O projeto da IBM e da USP não é apenas uma iniciativa tecnológica, mas um esforço colaborativo que coloca as comunidades indígenas no centro do processo e fortalece sua identidade cultural. A intenção é capacitar os jovens a se tornarem não apenas falantes, mas também promotores de suas línguas em ambientes digitais, permitindo que esses povos e suas línguas e culturas ocupem seu espaço no mundo digital. Através de oficinas e colaborações, os pesquisadores estão trabalhando para adaptar a tecnologia às necessidades específicas das comunidades, garantindo que as soluções sejam sustentáveis e respeitosas.

O projeto com os Nheengatu também prevê a criação de dicionários digitais, corretores ortográficos e plataformas que promovam o uso das línguas em redes sociais, com o intuito de engajar a juventude e garantir que as novas gerações tenham acesso ao seu patrimônio cultural.

Entre os planos futuros para fortalecer a língua, está a criação de um aplicativo para celular para apoio à escrita, um editor de texto para professores e tradutores, e um programa de parceria para a inserção dessas ferramentas no dia a dia de escolas bilíngues indígenas na Amazônia, bem como a expansão dessas iniciativas para outras línguas como o Baniwa e o Tukano.

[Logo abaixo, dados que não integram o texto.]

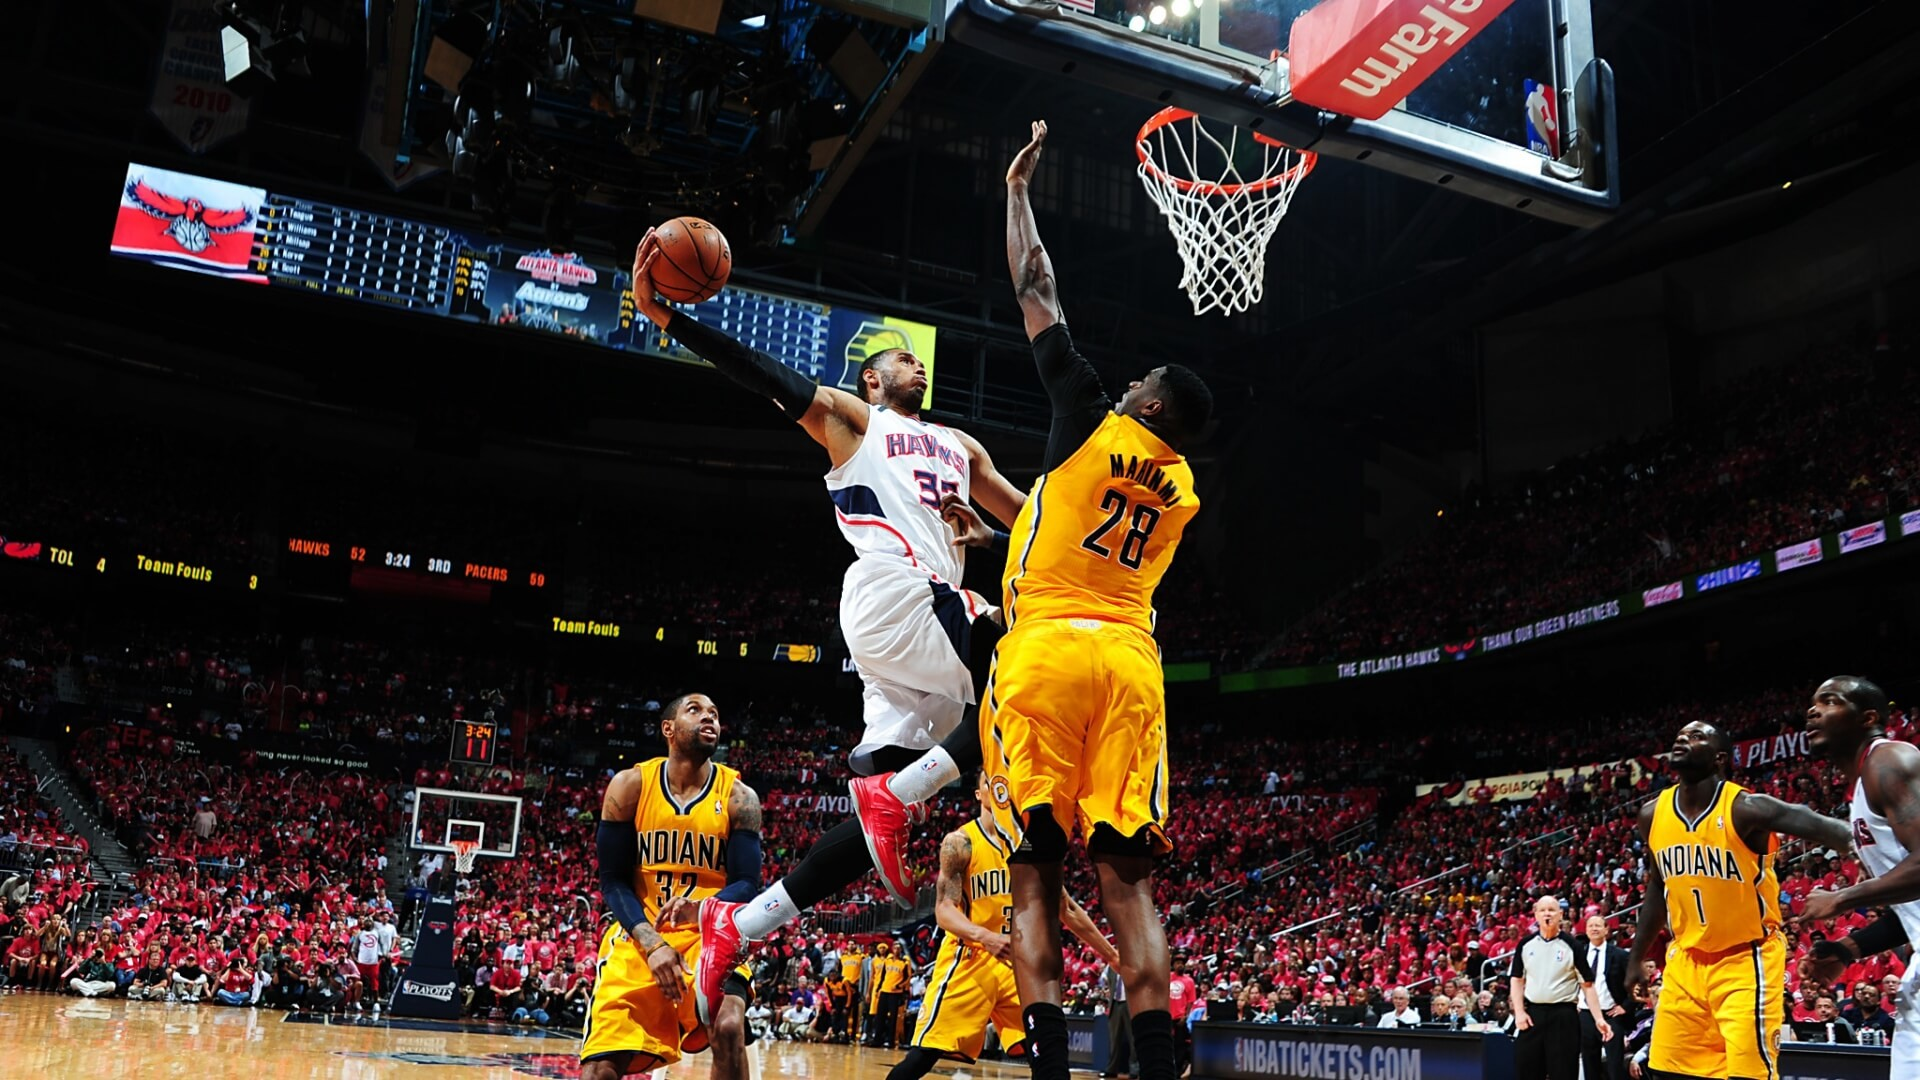 NBA Wallpapers for iPad

O futuro das línguas indígenas no Brasil e no mundo depende de ações inovadoras e da colaboração entre o ecossistema de inovação, que vai de empresas à academia. O projeto da IBM e USP representa um passo significativo nesse caminho, ajudando a garantir que as línguas nativas não sejam apenas preservadas, mas vivam e atuem, de fato, na sociedade.